A maniac in a Jeep Wrangler (Peter Hooten) pulls up alongside Melanie’s white convertible Pontiac Firebird. He catcalls her and offers her booze. The guy is completely unhinged. There’s overacting and then there’s whatever he’s doing. To paraphrase a review I once read of a different movie, his performance is so over the top, it kicks the ladder out from under itself so no one else can approach it. His facial expressions discomfort me greatly. I feel like him even looking at me constitutes sexual harassment. I’m not tryna see his voluptuous butt chin. It straddles indecent exposure. He should be forced to wear pants on that thing.

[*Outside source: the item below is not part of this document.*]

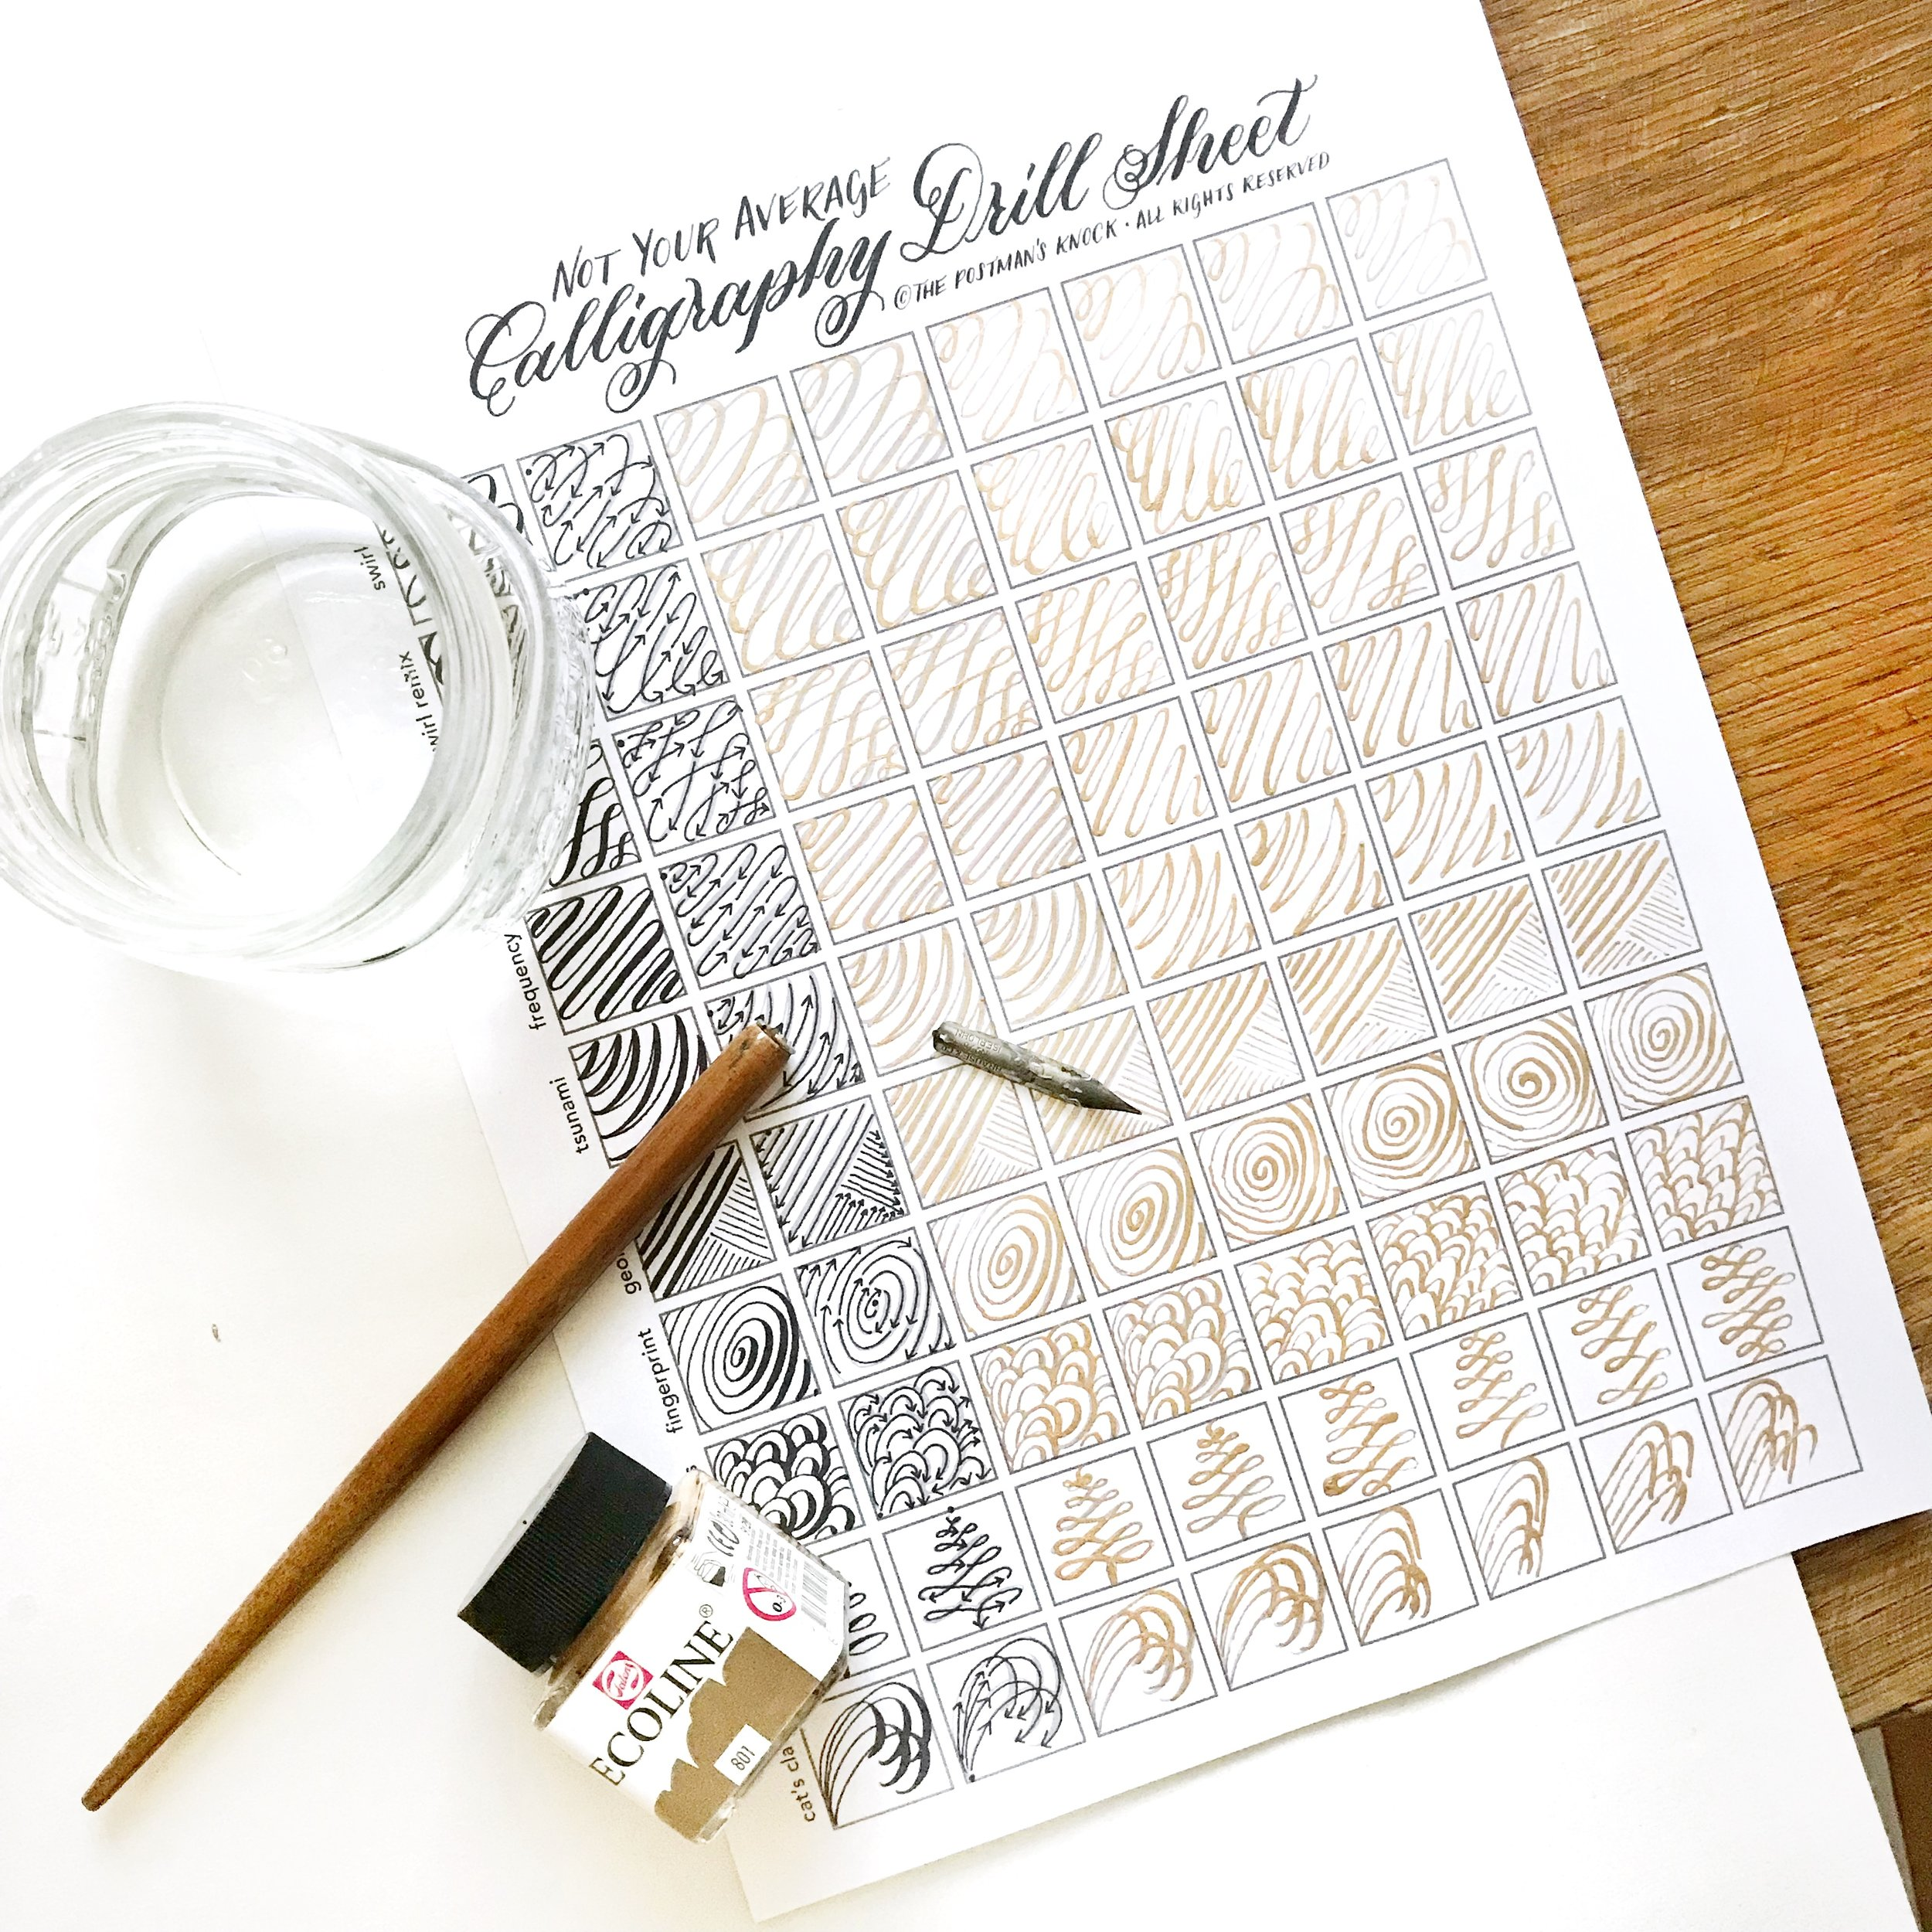 Calligraphy drills.jpg

Mom, come pick me up, I’m scared.

Melanie flips him the bird and veers right. The stalker slams on his brakes, reverses, and follows her all the way to a hotel. He gets out and marches right into the women’s restroom without hesitation. Melanie’s waiting inside. With a gun. She demands to know what he wants. He says to be friends. Melanie tells him to strip and flush all his clothes down the toilet.

What happens next is the best part of the movie. The stalker emerges from the restroom in nothing but a bright blue speedo, his eyes somehow bigger and crazier than before. His jumbling junk points the way as he walks. A male receptionist leans over the counter. “Hey bud, what happened to your clothes?”

The stalker stops and proclaims in a booming manly voice, “I got molested (pause) in the little boys’ room!” then turns and does a gay little dash out the door.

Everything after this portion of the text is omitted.